I’ve longed for this day for many years. I’ve secretly prayed that it would come soon. I wished for it on my 13th birthday. All I could think of is the amount of relief I would gain from knowing the man who hurt me for years could never hurt me again. The pleasure I would have knowing that he was finally getting what he deserved. That God would take the revenge I so desperately wanted.

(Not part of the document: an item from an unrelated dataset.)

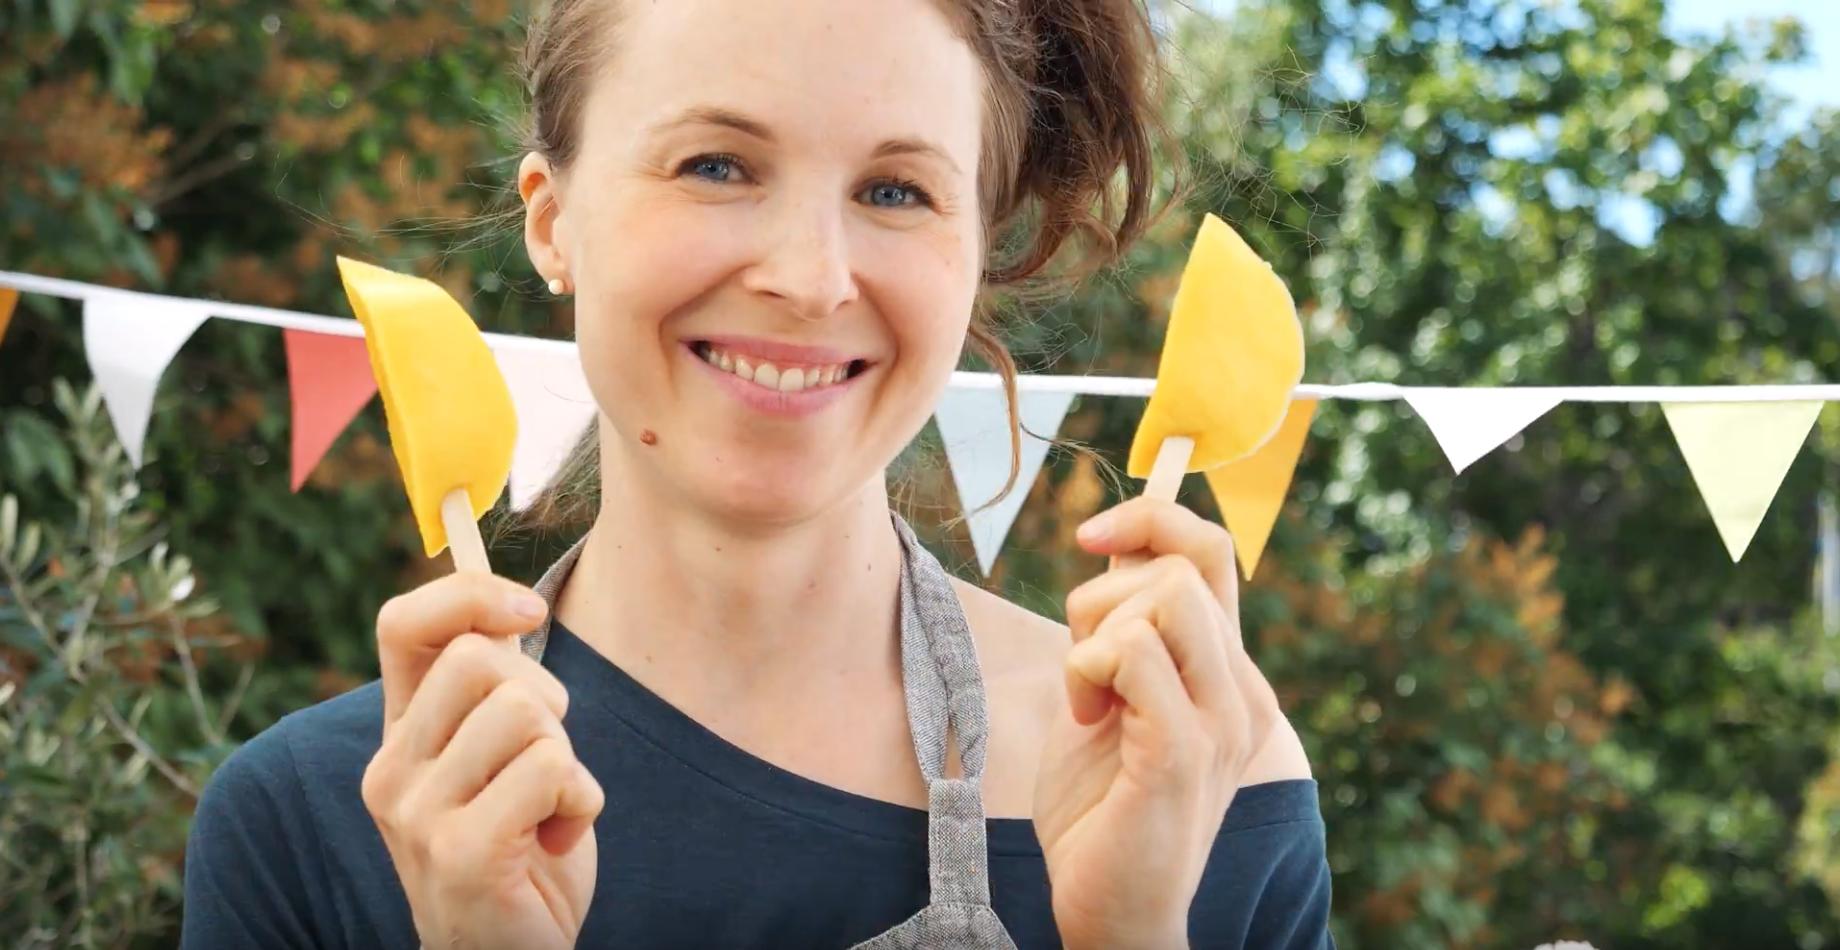 Video: Mangosticks

Today I found out my step dad (and uncle) passed away. I knew it was coming. I could tell while he was married to my mom that his health was failing. I knew that he wouldn’t last very much longer. I kept praying that God would take him while my mom was still with him so that he would no longer hurt me or my mom. The abuse became so severe that I attempted to end my life a few times, I began cutting to ease the pain, and I learned to starve myself to control something in my life. He would hit me, throw me down the stairs, tell me how fat, lazy, ugly, and stupid I was. He blamed everything everyone else did on me. If he ran away it was my fault. If the kitchen was dirty it was my fault. Ultimately he convincingly argued the divorce was my fault.
After the divorce I began to display signs of PTSD (Post-Traumatic Stress Disorder) however no one knew exactly what PTSD was other than something that soldiers returning from war occasionally got. I was terrified of men, and would hide in the back room behind a desk whenever a male family member came over. I jumped at loud noises, when a teacher yelled in class, the hallway at school. And I had repeated nightmares. I would wake up petrified and still have to function in school. The nightmares lasted for years. I would duck every time I saw a truck with the same make and model that he drove. I had a panic attack every time I saw a truck or man with similar characteristics. I was so scared that he would find my family and kill us. It didn’t matter how many times we moved or how far away we lived, that fear still remained.
How are you suppose to react to the death of someone you’ve been wishing dead for half of your life?
My response confuses me. First off I’m in shock. I sent my mom a text asking if it was really true. I’m trying to explain the message from my step-sister (cousin) in any way that doesn’t end in his death. I honestly can’t believe that I have nothing to fear anymore when it comes to that time period in my life. He can’t hurt me anymore. He can’t kill me if he wanted to. Secondly, I am relieved. He can’t hurt me. That period of time in my life has entirely come to an end. No more questions from therapists wondering if he has access to other children that he can abuse. No more generations will be abused by him. The song that plays through my head is “Ding Dong the wicked witch (or in this case warlock) is dead!”. Thirdly, guilt is quick to rush in behind that relief. I feel guilty for how I talk about him. I still feel the need to protect him, especially now that he can no longer hurt me for the things I say. The worst part is the thoughts running through my head just this evening while I was with a friend. Thinking about all the things he stole from my childhood. How until this year I haven’t been able to be in the same room with a gun. How I can’t trust parents, especially fathers. How I immediately hate every step parent without getting to know them. I spent the evening hating him, and sharing that hatred with a friend. The guilt for wishing him dead and sharing his evil nature is overwhelming. I feel a large amount of guilt around the fact that my step-sister (cousin) was able to push the abuse out of her mind and still accept him as a dad and I am unable to let the events of my past go. I even suppose an irrational part of me things that it was my fault he died because I kept wishing he would just die. Finally, I am deeply saddened by this. Even though he caused so much pain in my life I loved him. He was my favorite uncle until he became my step dad. For me it’s true that you become somewhat attached to your abuser. Especially those who are also family.
Going through this brings me back to my current situation. Divorcing my abusive husband. I thought I was past the point of feeling guilty for the thoughts I have about escaping, finally being free of the constant abuse. I thought I knew for sure that I don’t want to go back to that situation. But with the passing of my step dad I’ve taken a step back and am feeling that familiar urge to reconcile things with my husband, go back and accept the abuse “I deserve” (or at least I think I do). Because I don’t want to find out that he killed himself over me as he has threatened before. I don’t want to find out years later he passed away without the ability to stand up to him and forgive him personally. I don’t want to feel this guilt, confusion, and conflict again. I know what I must do. I know that I can’t back down from this divorce. I have one last hearing before everything is official, I am legally free from him. However I know that I need to figure out how to break the silence and let him know my forgiveness before I am talking to another tombstone.